Over the last three nights there's been a drama on BBC1 called 'Three Girls'.



Three Girls tells the story of three of the children involved in the Rochdale paedophile grooming investigation. I wasn't sure whether to watch it, initially. Considering what we're going through at the moment it was quite possible it would set me off crying for a week, or in to deep depression. In the end though I did; I'm not entirely sure why, but mostly I think because it's important to face things head on. The girls were brave enough to tell their stories, and they deserve to be listened to.

I'm glad I watched it. I want you to watch it too. I want all my friends to watch it.

It's taken me a good hour mulling it over to work out why that is. At first I thought perhaps I wanted people to see what it was like to have a different life. If I'm really honest, I'm pretty jealous of most of my friends at the moment. I see my Facebook newsfeed full of everyday problems like being overworked, stuck in traffic, having a crap day, and I'm jealous. I'm jealous because I see people complaining about things in their life that are really crap, and I would give anything for that to be the extent of my worries. I'm jealous because I see babies being born who are going to be fed, and looked after. Babies who don't have to worry about who is going to look after them. Babies who almost certainly won't grow up needing to ask "Do you hurt?" when they meet their parents' friends for the first time.

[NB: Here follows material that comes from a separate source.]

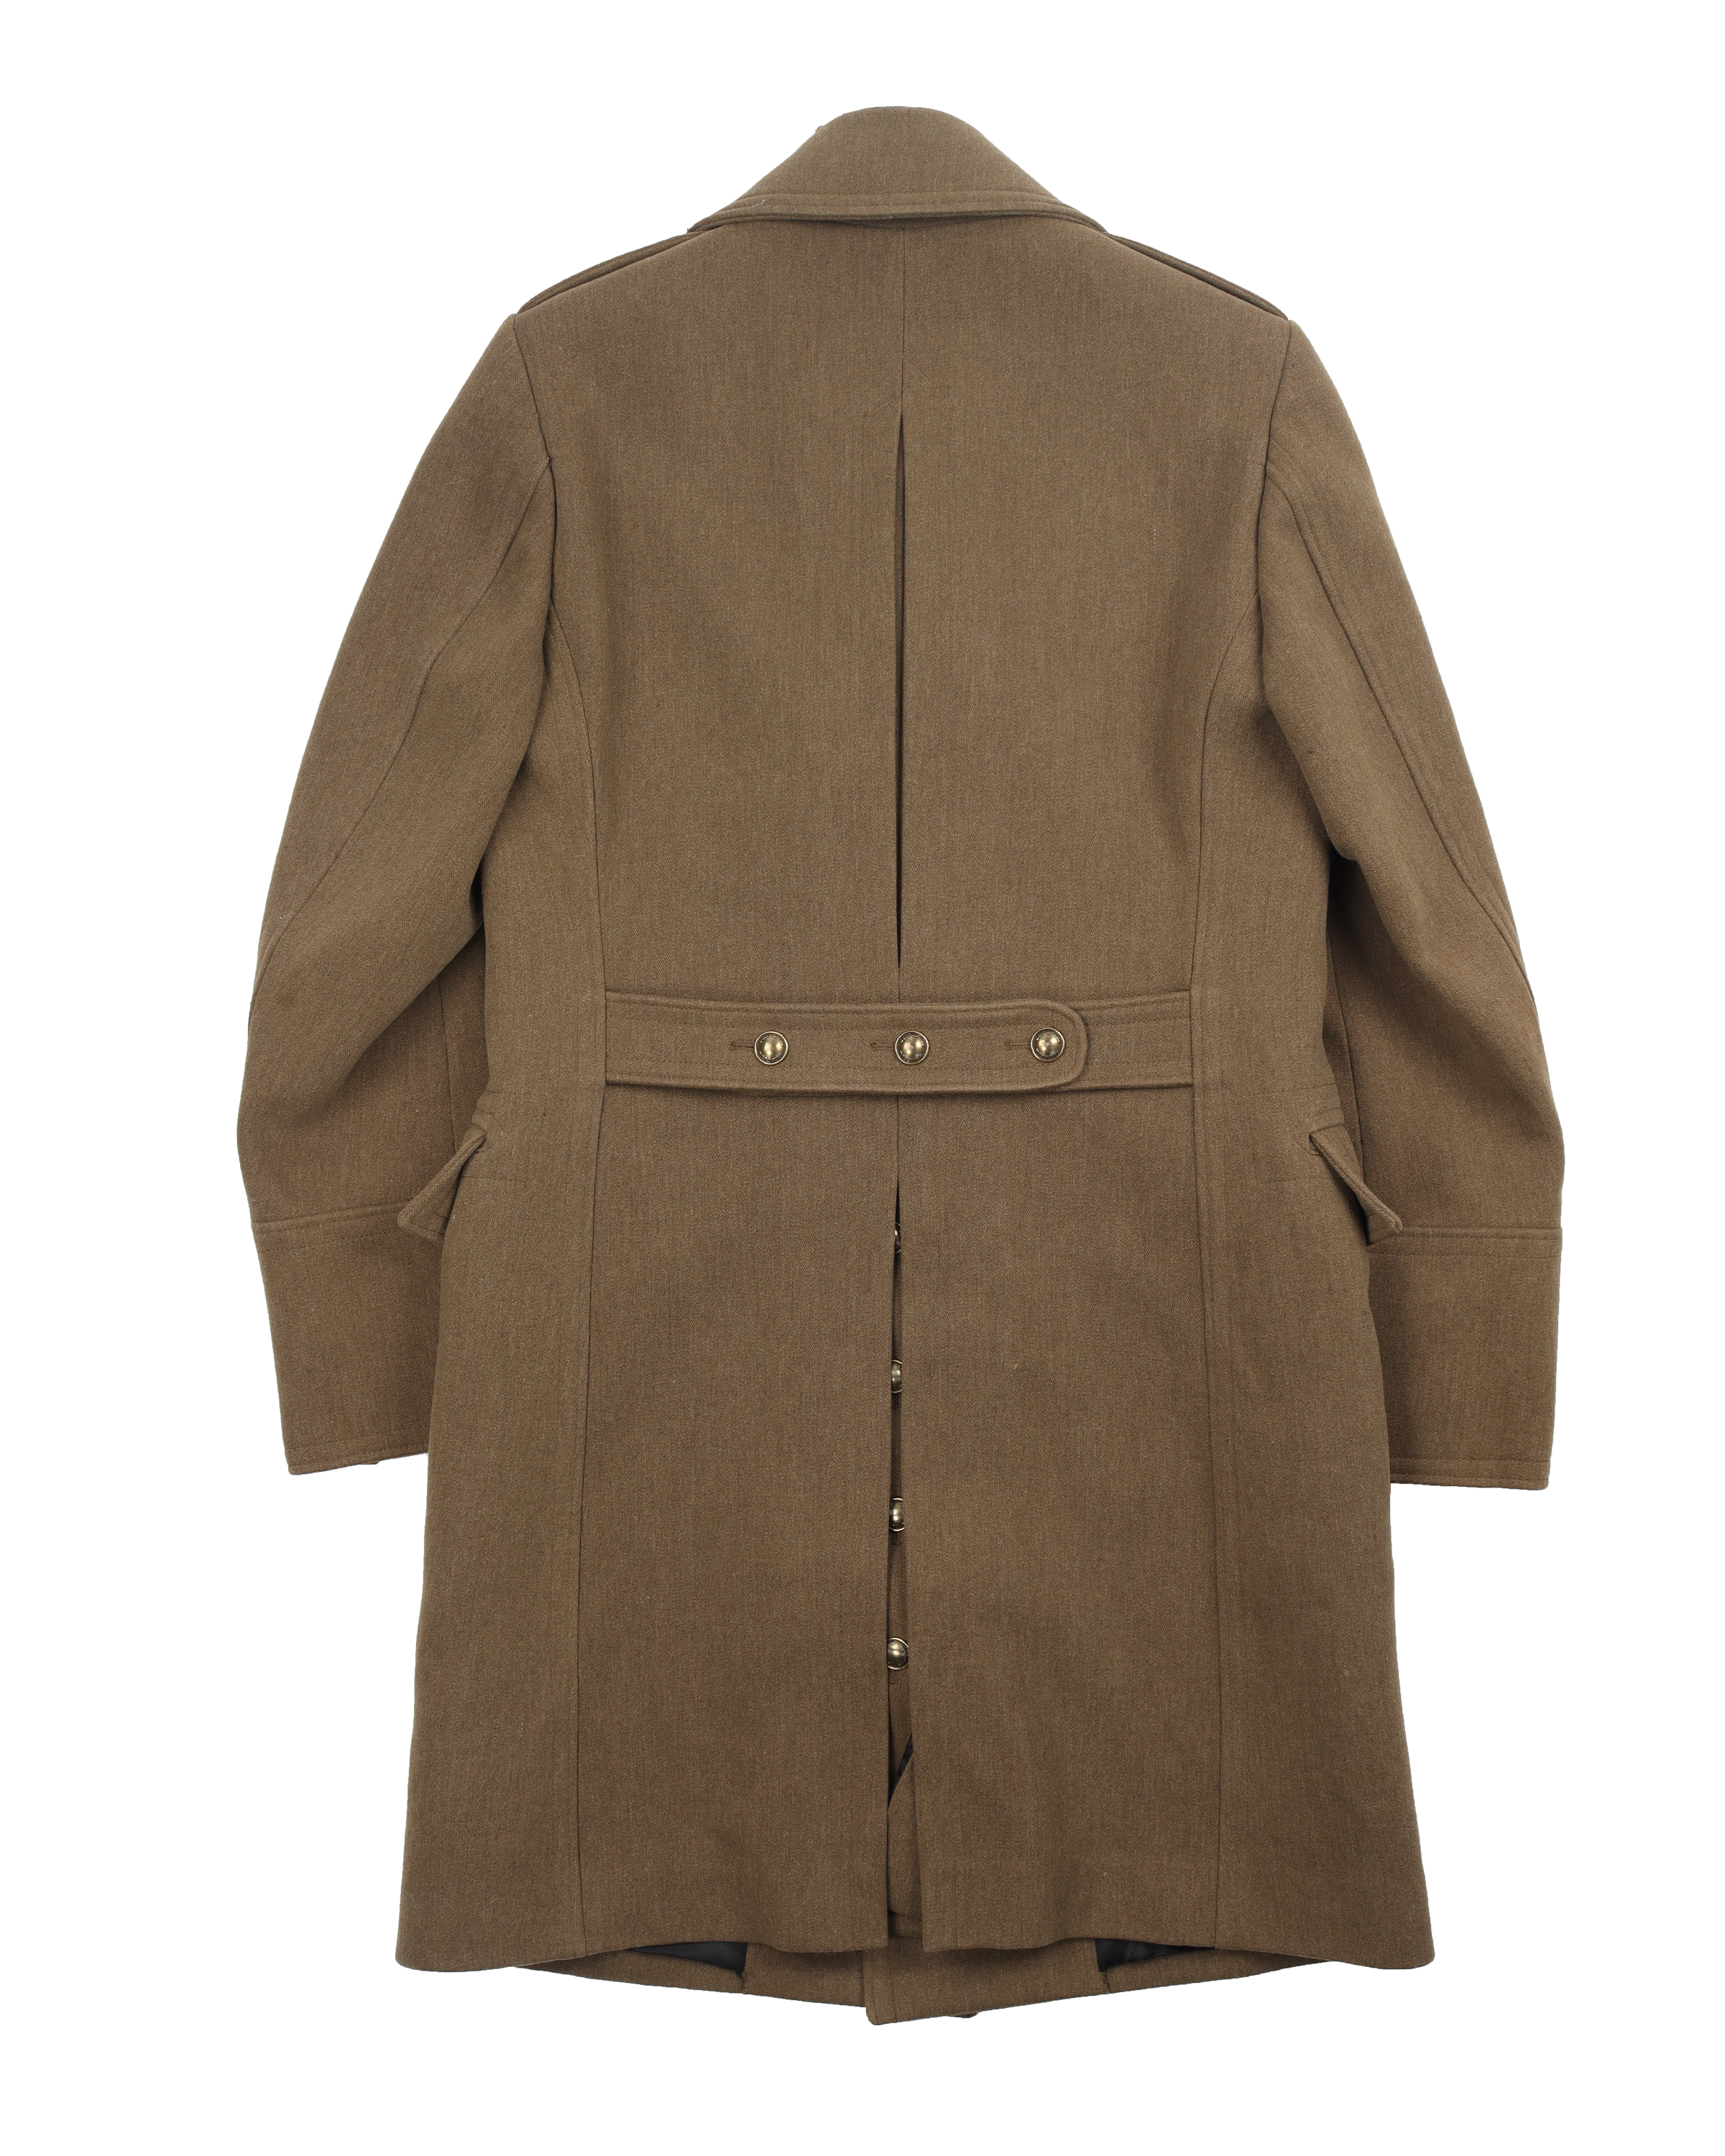 AW10 Military Wool Pea Coat

It's a bit silly, and it's pointless feeling like that, but most days I do. It doesn't mean I love Tickle any less, but most days I wish our life wasn't like this. And I have a brilliant family, amazing friends, and a great support network; it doesn't bear thinking about for those who don't have those things.

But, much as there is an element of that - and I will admit sometimes I do want to shake a bit of graditude in to some people - I don't think that's the whole story.

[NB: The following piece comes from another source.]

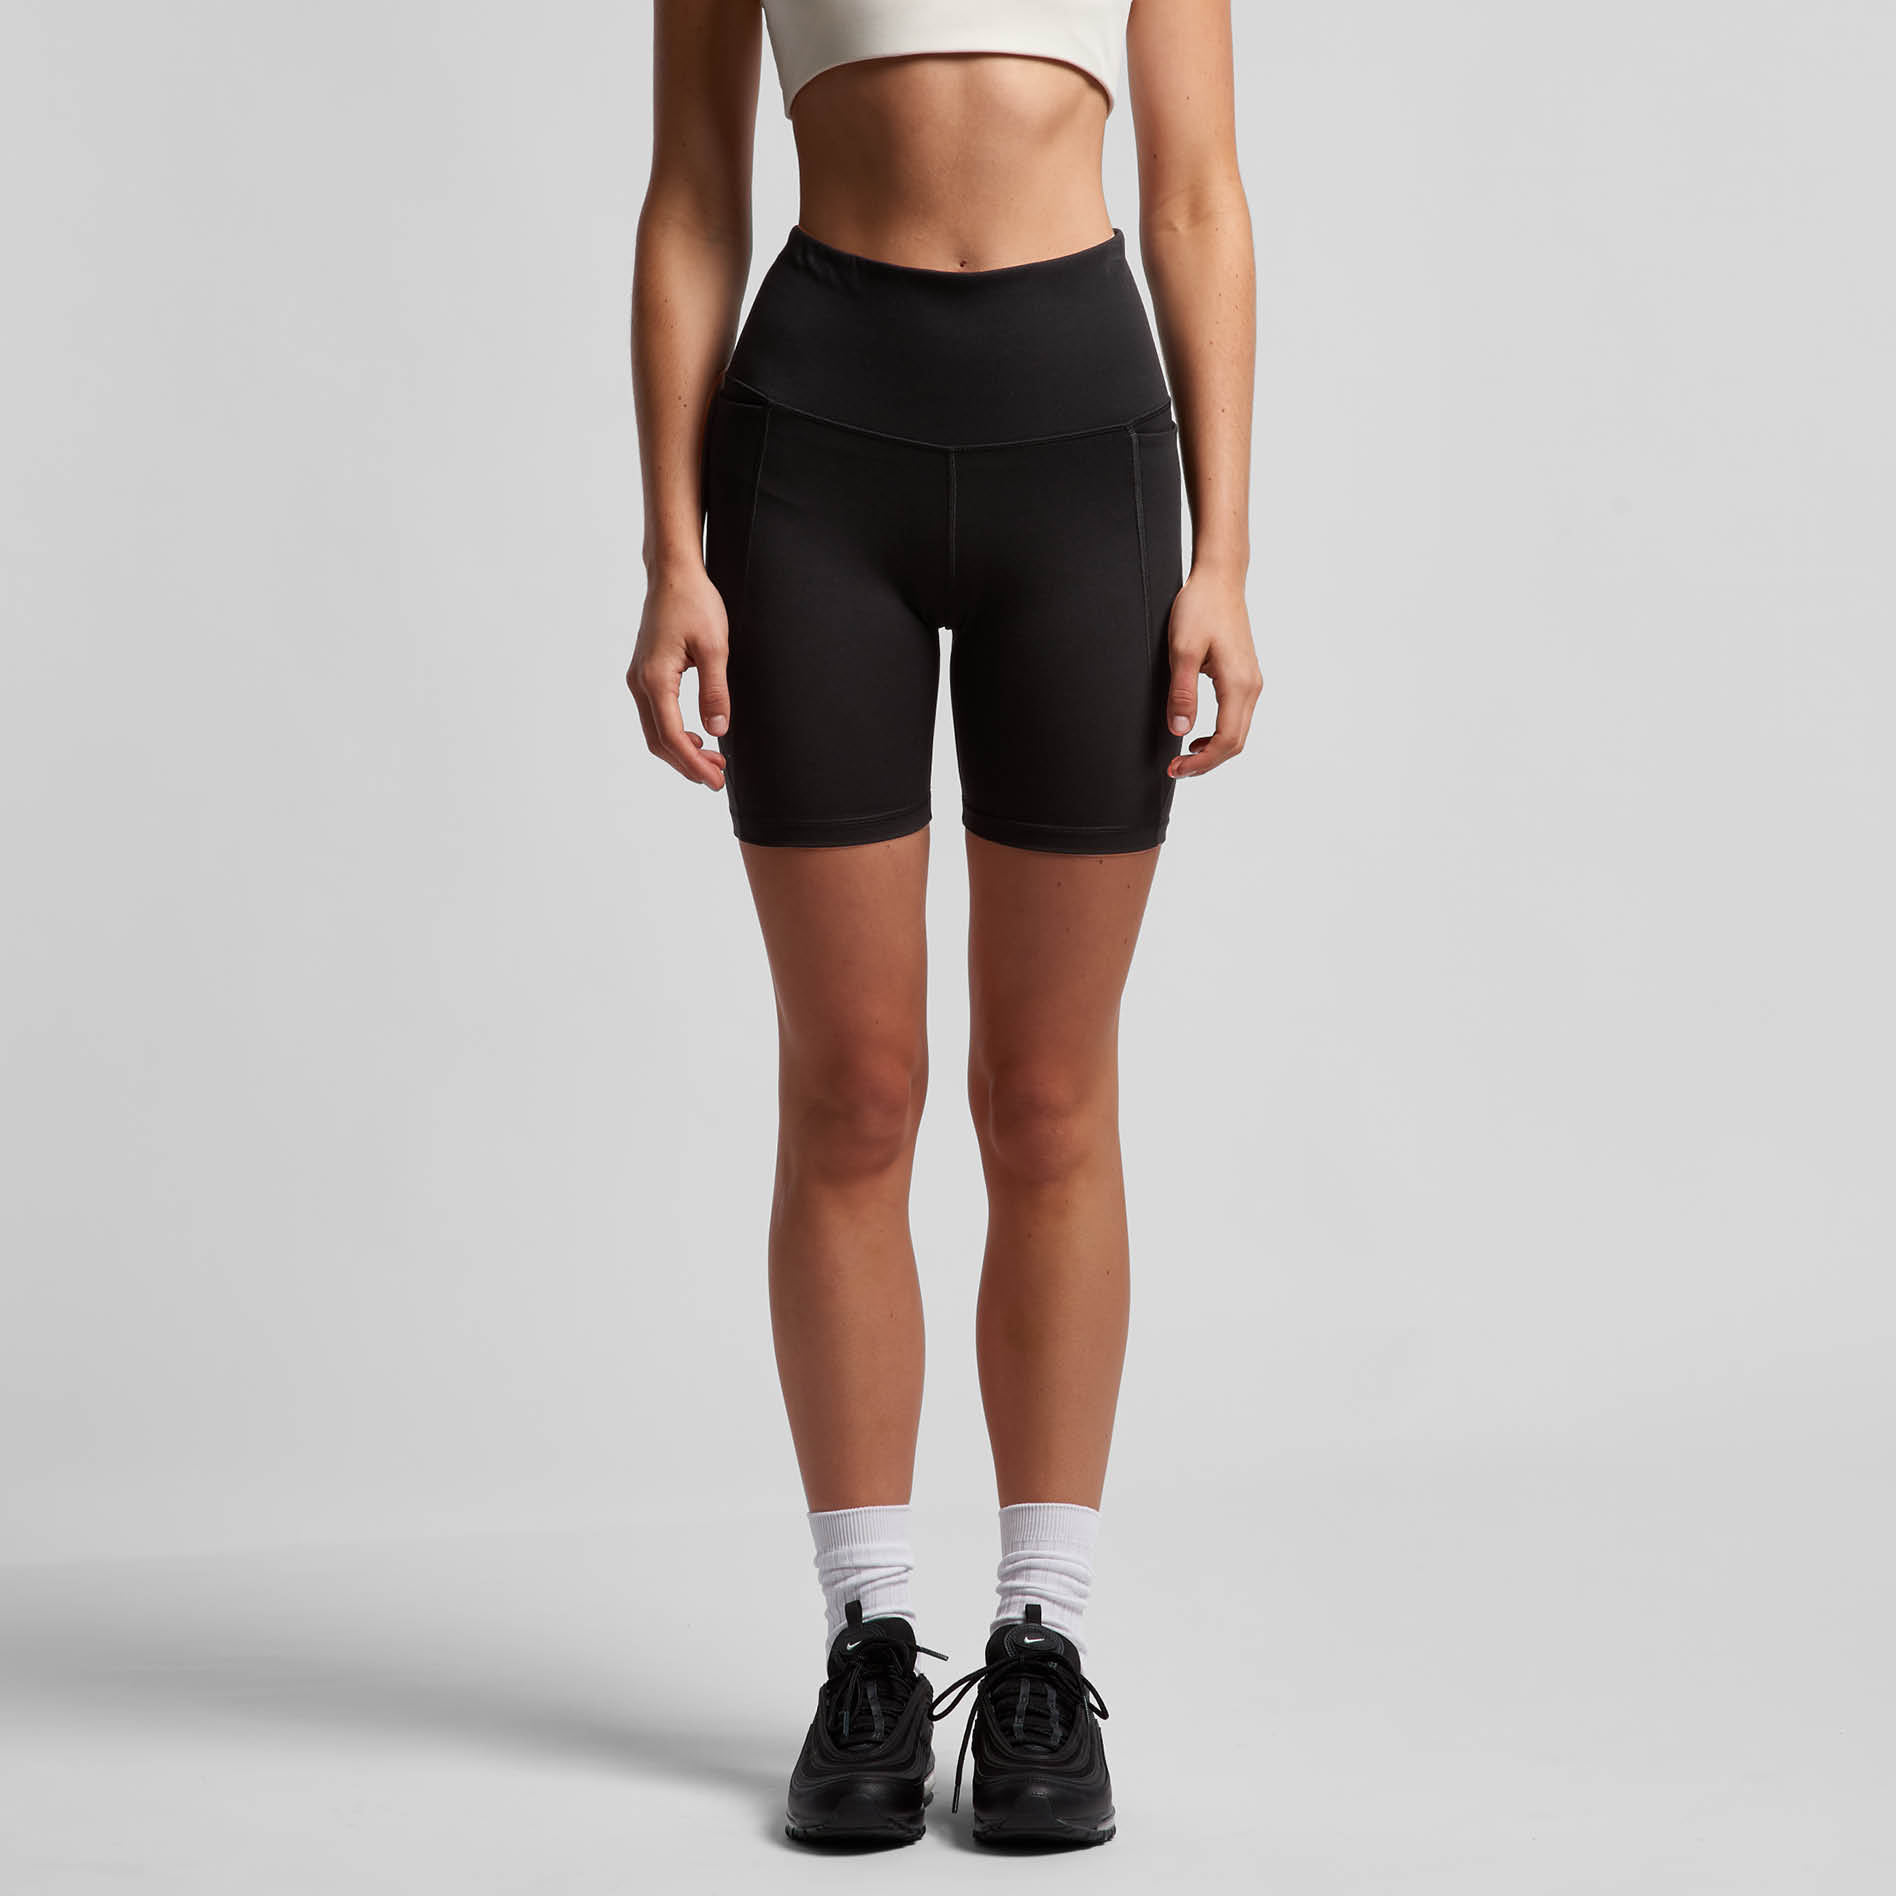 Women's Active Bike Shorts | Branded Bike Shorts | Custom Bike Shorts

Three Girls is hard to watch, I don't deny it. But it's my life. Different setting, different scenario, maybe, but same story. Battles with support services. Listening to tales of abuse, and feeling powerless. Court cases - not now, but likely in the future. That shot in episode three of the parents sitting outside the room as Holly gave evidence - that's going to be us. And my God, that talk of being a 'credible witness' really struck home. Tickle and his brother are not credible witnesses. Everybody knows what happened to them, and everybody knows who did it - but nothing can be done.

This is my life. It's fucking hard. And I think the reason I want you to watch Three Girls is because I want to know if you can take it. Asking for help is hard, and often I just don't do it because the stuff I am dealing with every day is stuff that people don't want to hear. Sometimes, I don't tell people things because they are not nice things to have in your brain. I have them, but you don't need to. If you watch Three Girls and don't like it, you can switch off. I can't. Those girls couldn't. Tickle can't.

I think what I really want to know is this: when you say you want to support me, how far will you go? Will you make us a meal? (Don't get me wrong, that is always awesome!) Will you come out with me and the kids for a day in the holidays? Will you wait for us outside court? Will you take me out for hot chocolate after I've taken Tickle to the Police Station again? Will you be there for the really hard stuff? Can you take it?

I realise, that for some people the answer is going to be no. And that's fine - I can't ask you to give more than you have available. I just need to know, so I don't try to lean on someone who then backs away.

And I think *that* is why I want you to watch Three Girls. Because it's a powerful piece of television. Because it's very well done. Because those girls deserve to be listened to. Because this is still happening. And because if you can sit through it, from start to finish, then maybe that will give me the confidence to feel there are other people out there who can take it. Maybe I can start to lean a bit.